> [BRIEF]:
Each line in the material below must be transcribed exactly; no picture belongs in the copy.
-- PROVIDED MATERIAL follows --
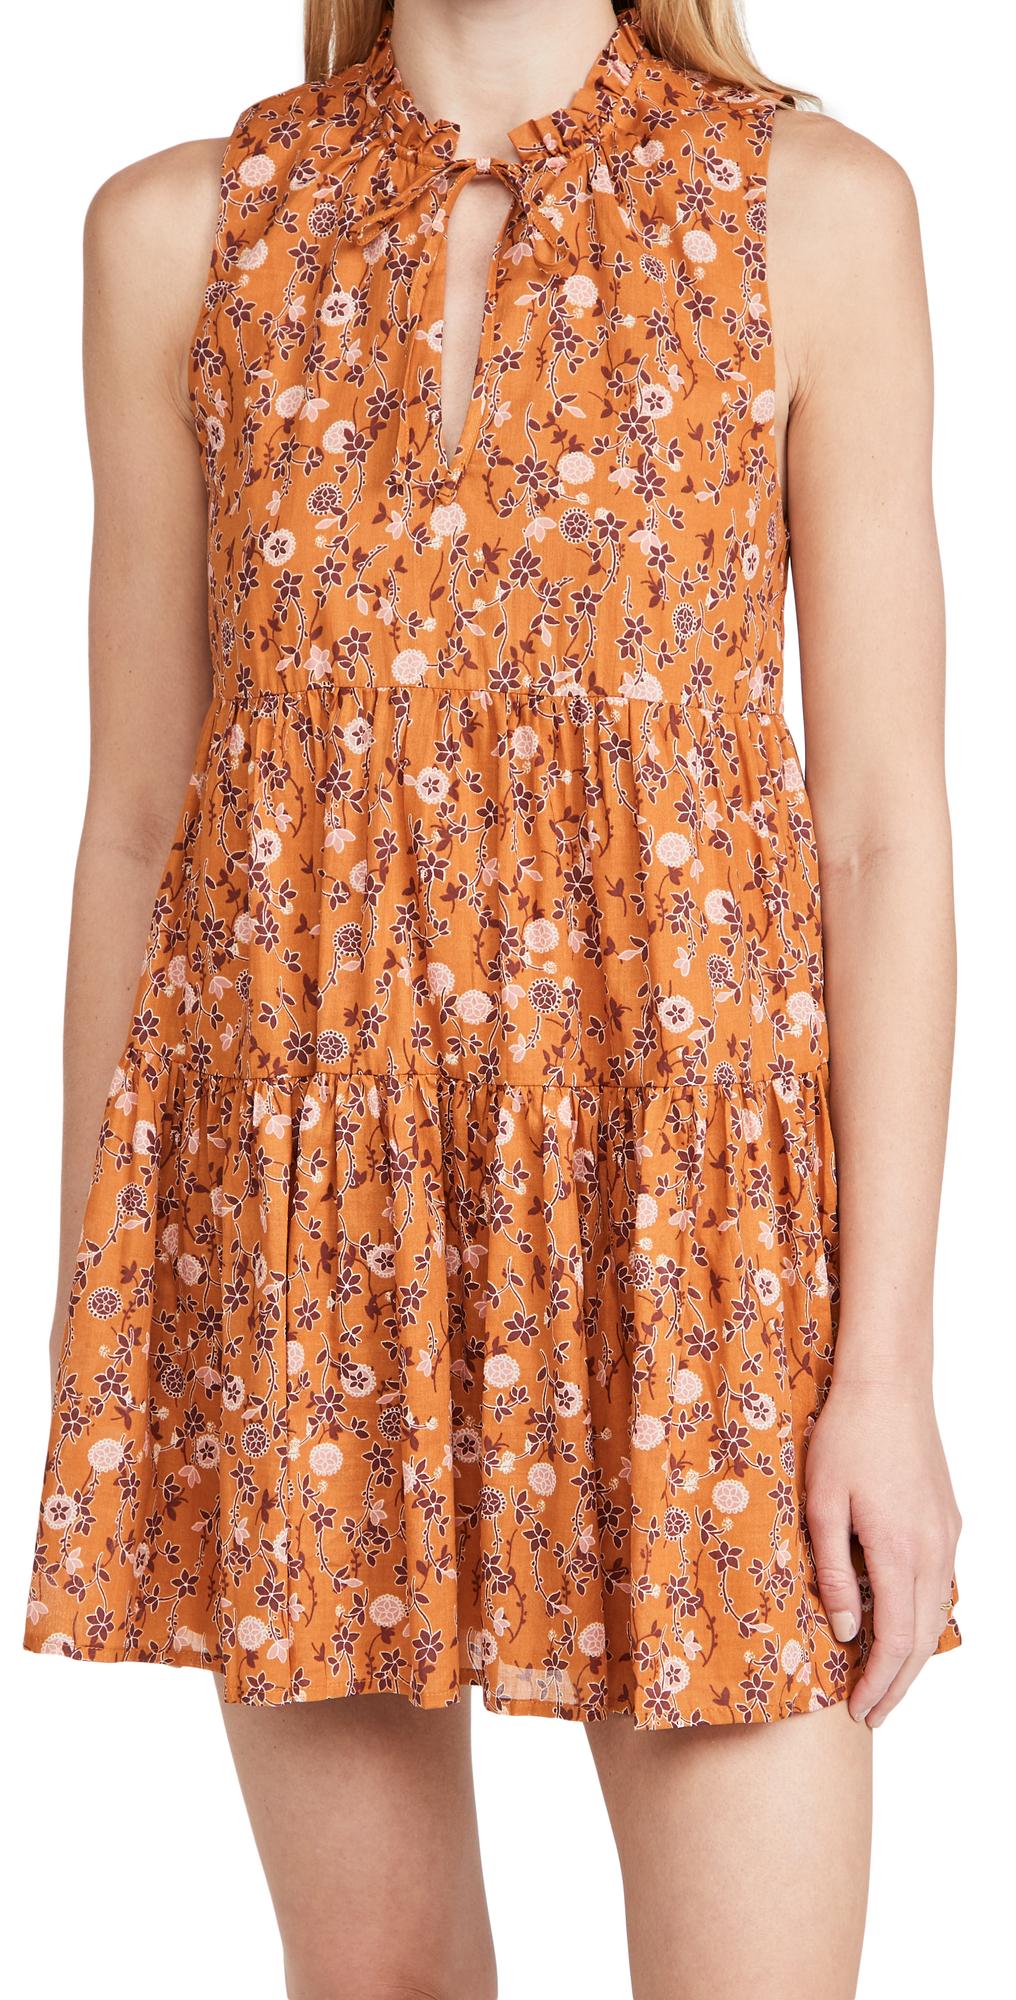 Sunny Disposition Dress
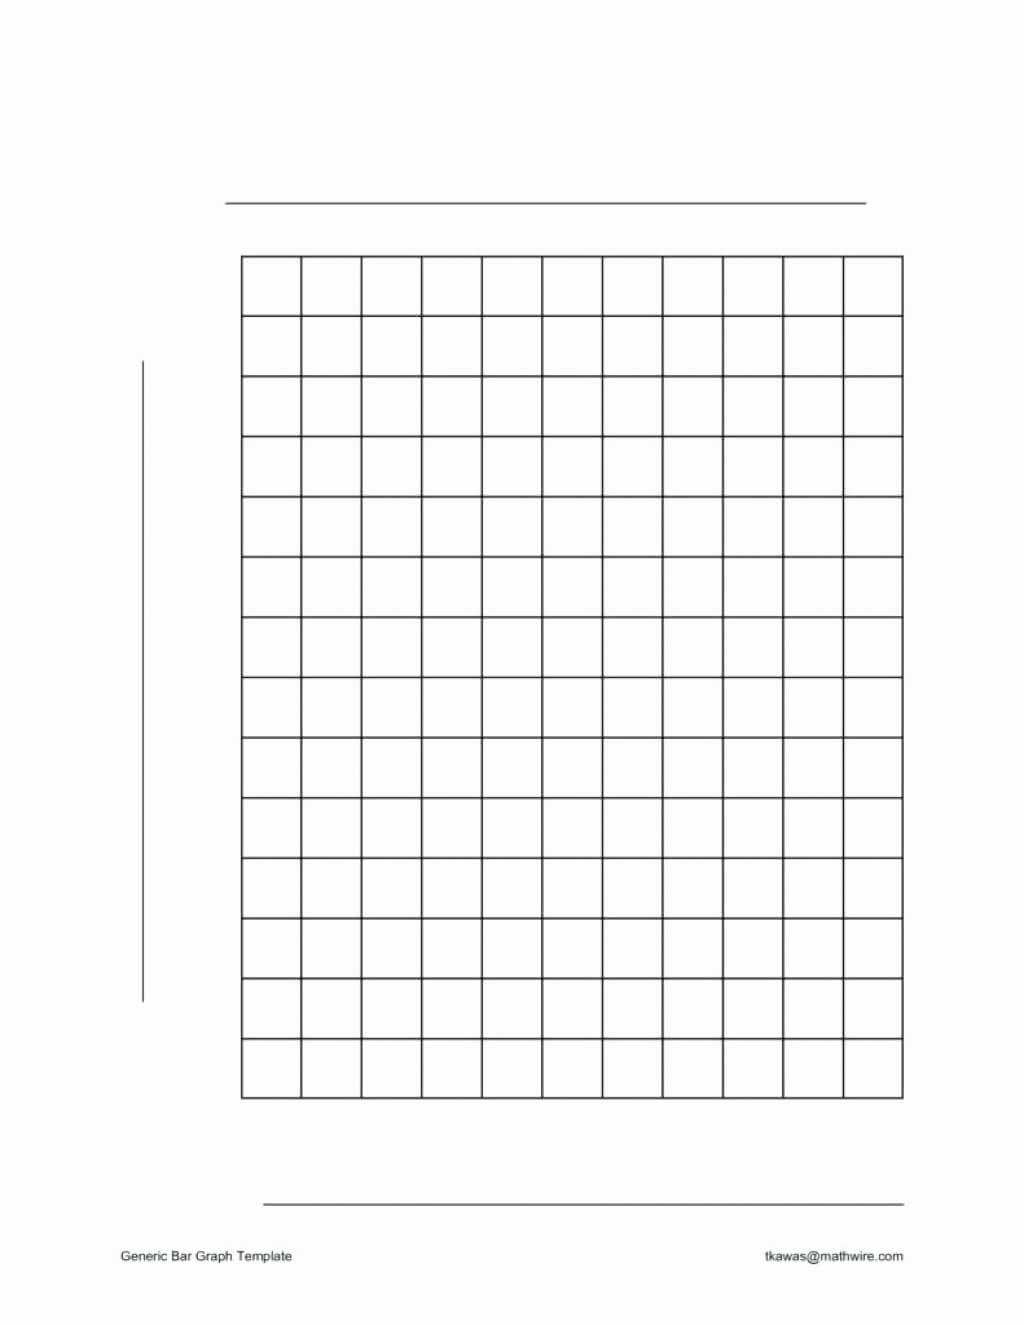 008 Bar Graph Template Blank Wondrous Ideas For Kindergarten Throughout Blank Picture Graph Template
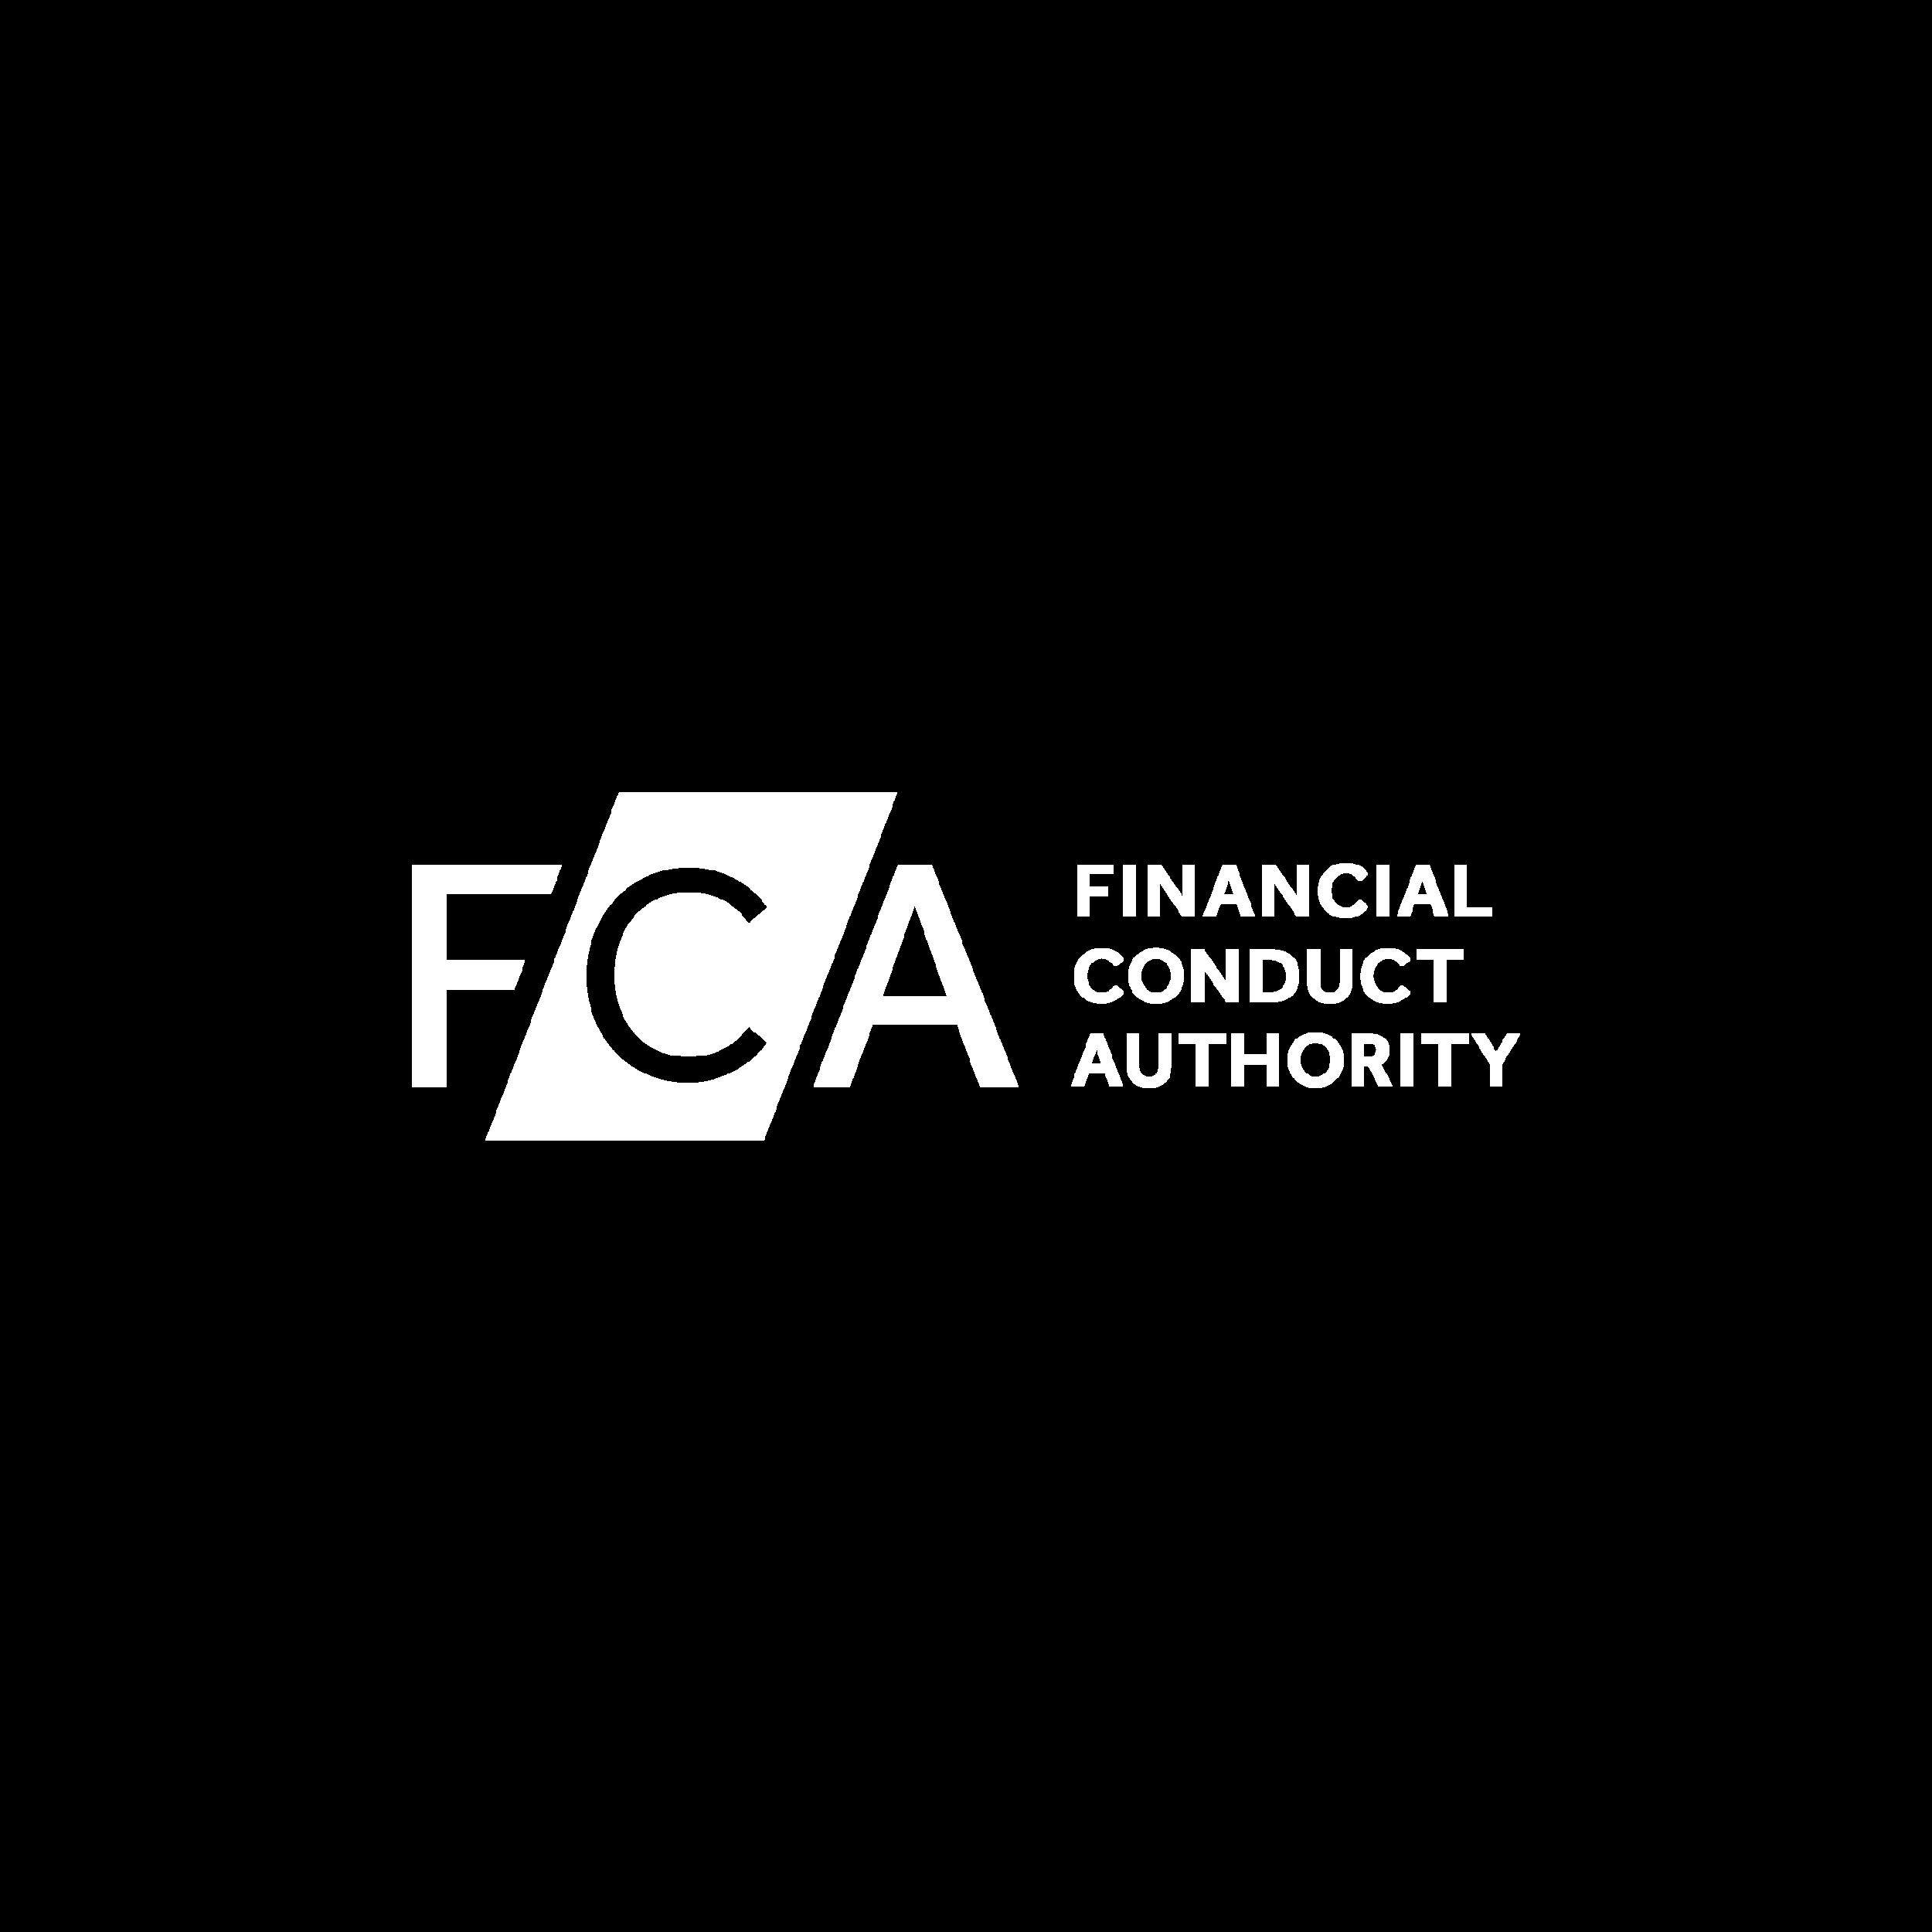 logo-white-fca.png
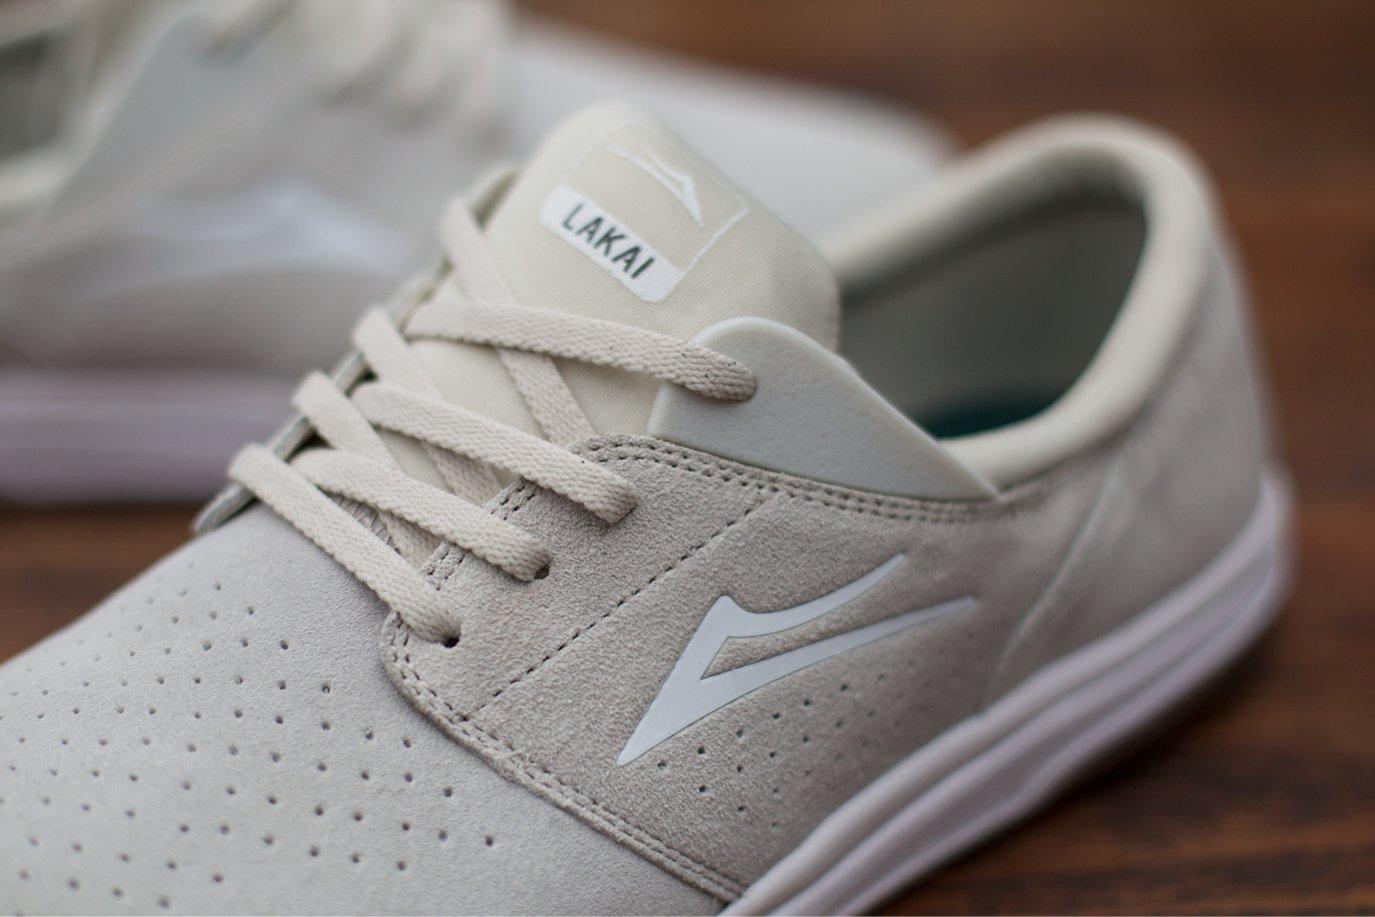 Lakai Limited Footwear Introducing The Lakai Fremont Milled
-- PROVIDED MATERIAL concluded --
> [TASK RESPONSE]:
 Sunny Disposition Dress
 008 Bar Graph Template Blank Wondrous Ideas For Kindergarten Throughout Blank Picture Graph Template
 logo-white-fca.png
 Lakai Limited Footwear Introducing The Lakai Fremont Milled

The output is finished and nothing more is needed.